(DATASET CONTENT):

═══

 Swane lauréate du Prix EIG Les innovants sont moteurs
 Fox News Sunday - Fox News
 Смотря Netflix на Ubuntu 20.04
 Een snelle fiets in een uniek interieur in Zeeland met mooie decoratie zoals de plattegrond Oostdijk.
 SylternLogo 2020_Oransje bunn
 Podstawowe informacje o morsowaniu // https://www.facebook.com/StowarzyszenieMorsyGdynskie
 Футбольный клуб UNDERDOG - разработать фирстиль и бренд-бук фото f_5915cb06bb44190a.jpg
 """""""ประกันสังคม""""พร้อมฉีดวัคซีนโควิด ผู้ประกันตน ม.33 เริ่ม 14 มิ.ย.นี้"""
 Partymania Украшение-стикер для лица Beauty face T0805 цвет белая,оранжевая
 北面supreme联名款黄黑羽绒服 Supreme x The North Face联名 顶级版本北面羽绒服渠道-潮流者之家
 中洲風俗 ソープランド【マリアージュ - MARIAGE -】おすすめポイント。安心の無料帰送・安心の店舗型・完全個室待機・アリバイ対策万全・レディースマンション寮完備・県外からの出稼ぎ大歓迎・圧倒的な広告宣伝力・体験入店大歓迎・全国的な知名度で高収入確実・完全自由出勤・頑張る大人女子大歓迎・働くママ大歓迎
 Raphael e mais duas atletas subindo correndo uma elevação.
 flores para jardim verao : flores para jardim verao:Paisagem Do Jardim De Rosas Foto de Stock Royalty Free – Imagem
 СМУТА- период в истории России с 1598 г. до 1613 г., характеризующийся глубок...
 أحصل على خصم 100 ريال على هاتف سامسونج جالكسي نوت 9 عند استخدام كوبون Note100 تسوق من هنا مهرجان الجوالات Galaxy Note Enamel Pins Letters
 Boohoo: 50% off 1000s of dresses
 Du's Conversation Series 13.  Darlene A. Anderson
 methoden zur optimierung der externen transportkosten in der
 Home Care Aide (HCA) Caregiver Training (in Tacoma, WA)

═══

(TASK STATEMENT): Repeat all the material above, matching every character.

(RESULT OF THIS TASK):
 Swane lauréate du Prix EIG Les innovants sont moteurs
 Fox News Sunday - Fox News
 Смотря Netflix на Ubuntu 20.04
 Een snelle fiets in een uniek interieur in Zeeland met mooie decoratie zoals de plattegrond Oostdijk.
 SylternLogo 2020_Oransje bunn
 Podstawowe informacje o morsowaniu // https://www.facebook.com/StowarzyszenieMorsyGdynskie
 Футбольный клуб UNDERDOG - разработать фирстиль и бренд-бук фото f_5915cb06bb44190a.jpg
 """""""ประกันสังคม""""พร้อมฉีดวัคซีนโควิด ผู้ประกันตน ม.33 เริ่ม 14 มิ.ย.นี้"""
 Partymania Украшение-стикер для лица Beauty face T0805 цвет белая,оранжевая
 北面supreme联名款黄黑羽绒服 Supreme x The North Face联名 顶级版本北面羽绒服渠道-潮流者之家
 中洲風俗 ソープランド【マリアージュ - MARIAGE -】おすすめポイント。安心の無料帰送・安心の店舗型・完全個室待機・アリバイ対策万全・レディースマンション寮完備・県外からの出稼ぎ大歓迎・圧倒的な広告宣伝力・体験入店大歓迎・全国的な知名度で高収入確実・完全自由出勤・頑張る大人女子大歓迎・働くママ大歓迎
 Raphael e mais duas atletas subindo correndo uma elevação.
 flores para jardim verao : flores para jardim verao:Paisagem Do Jardim De Rosas Foto de Stock Royalty Free – Imagem
 СМУТА- период в истории России с 1598 г. до 1613 г., характеризующийся глубок...
 أحصل على خصم 100 ريال على هاتف سامسونج جالكسي نوت 9 عند استخدام كوبون Note100 تسوق من هنا مهرجان الجوالات Galaxy Note Enamel Pins Letters
 Boohoo: 50% off 1000s of dresses
 Du's Conversation Series 13.  Darlene A. Anderson
 methoden zur optimierung der externen transportkosten in der
 Home Care Aide (HCA) Caregiver Training (in Tacoma, WA)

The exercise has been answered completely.